Colma: The Musical shows Mendoza to be a prodigious wit, both profanely funny and incisively smart, if a little too reliant on a synthesizer, probably recorded in a basement. (This may indeed have been the case.) Lyrically, the easiest comparison that comes to mind is Ben Folds. The writing, in any case, is sharp and all too real, from the stern immigrant father to the cluelessly hilarious way Renigen says the N-word with too much relish. It’s hard to pick a favorite scene: the eight-minute uninterrupted camera shot orchestrated by Wong at a drunken college party (ostensibly, a bunch of SF State hipsters), the cheerfully vicious sing-along in a bar, the unexpectedly poignant dance sequence in a cemetery, or even the goofy montage that introduces the movie.

Yes, it’s a first film, and it looks like one, and if my mention of that fact makes it sound like a disclaimer, it’s not. A weaker comedy would have cast “a lovable pack of misfits”—or if this were a drama, a group of Abercrombie & Fitch models—so it’s quite refreshing to see normal-looking people in this movie. Sometimes they’re not entirely lovable, sometimes they sing off-key, but I’d take this over any new Hollywood musical any day.

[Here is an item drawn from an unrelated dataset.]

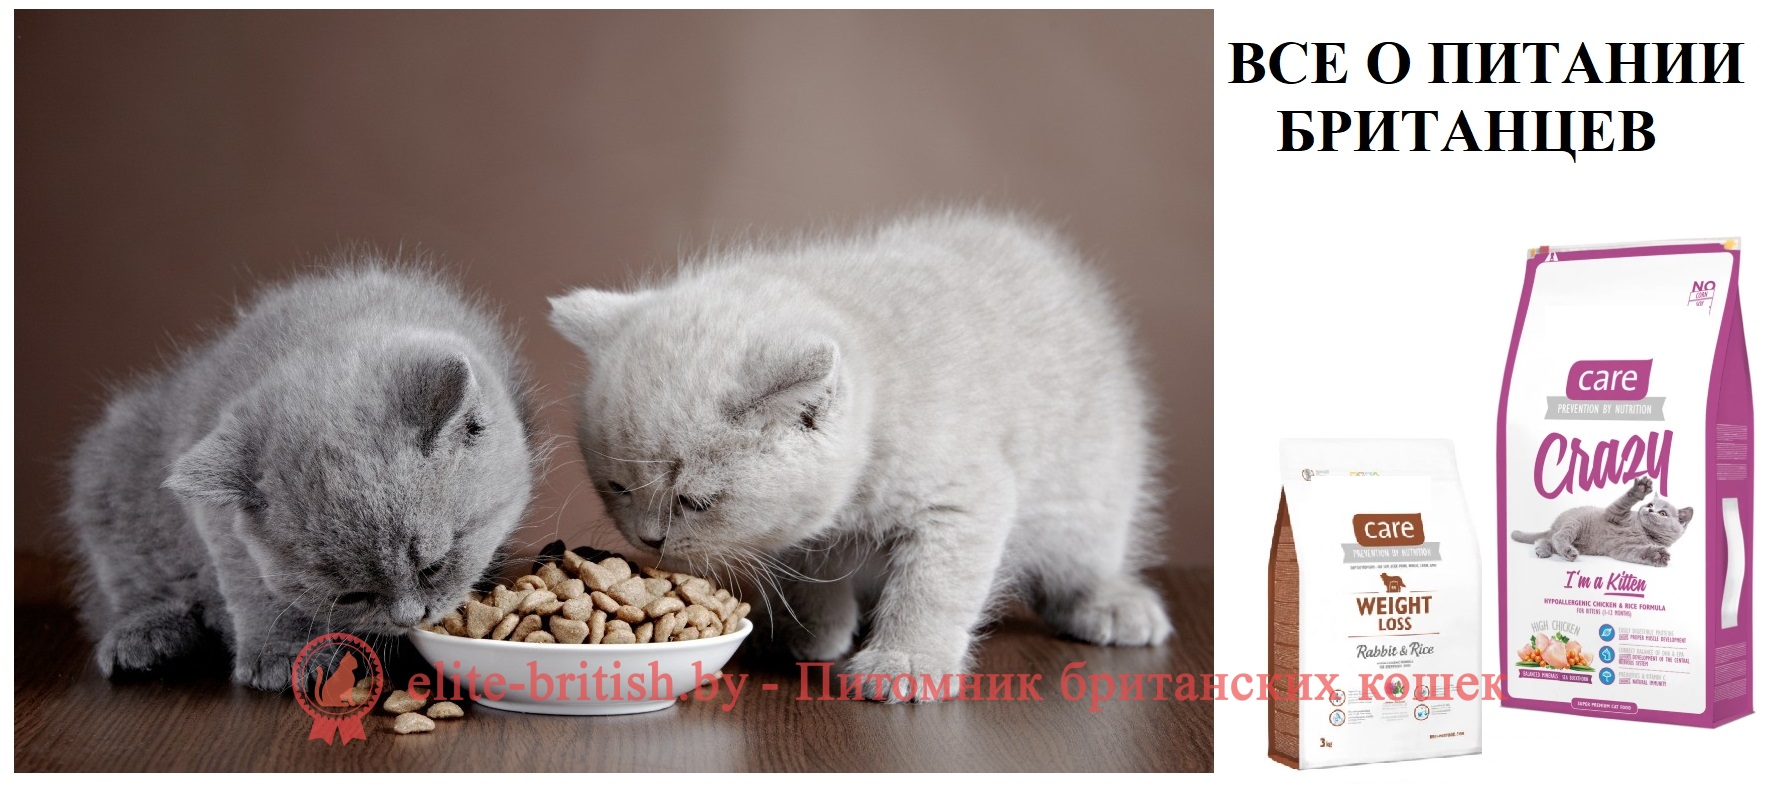 КАК И ЧЕМ КОРМИТЬ БРИТАНСКОГО КОТЕНКА, КОШКУ, КОТА: ВСЕ О ПИТАНИИ  БРИТАНЦЕВ. Британские котята, коты, кошки: уход, кормление, питание. Когда  начинать прикорм котят британцев. Как правильно кормить британца. Как и чем  кормить

(If I do have one minor quibble, it’s the way the screenplay takes liberties with the geography. Sure, it’s fine to pass off The Bitter End or Java On Ocean as being in Colma—though that’s not necessarily implied in the film—but Serramonte Mall and Westmoor High and all those fogged-out little boxes are in Daly fuckin’ City! Plus the cast should have fought to have their real butts on the DVD cover.)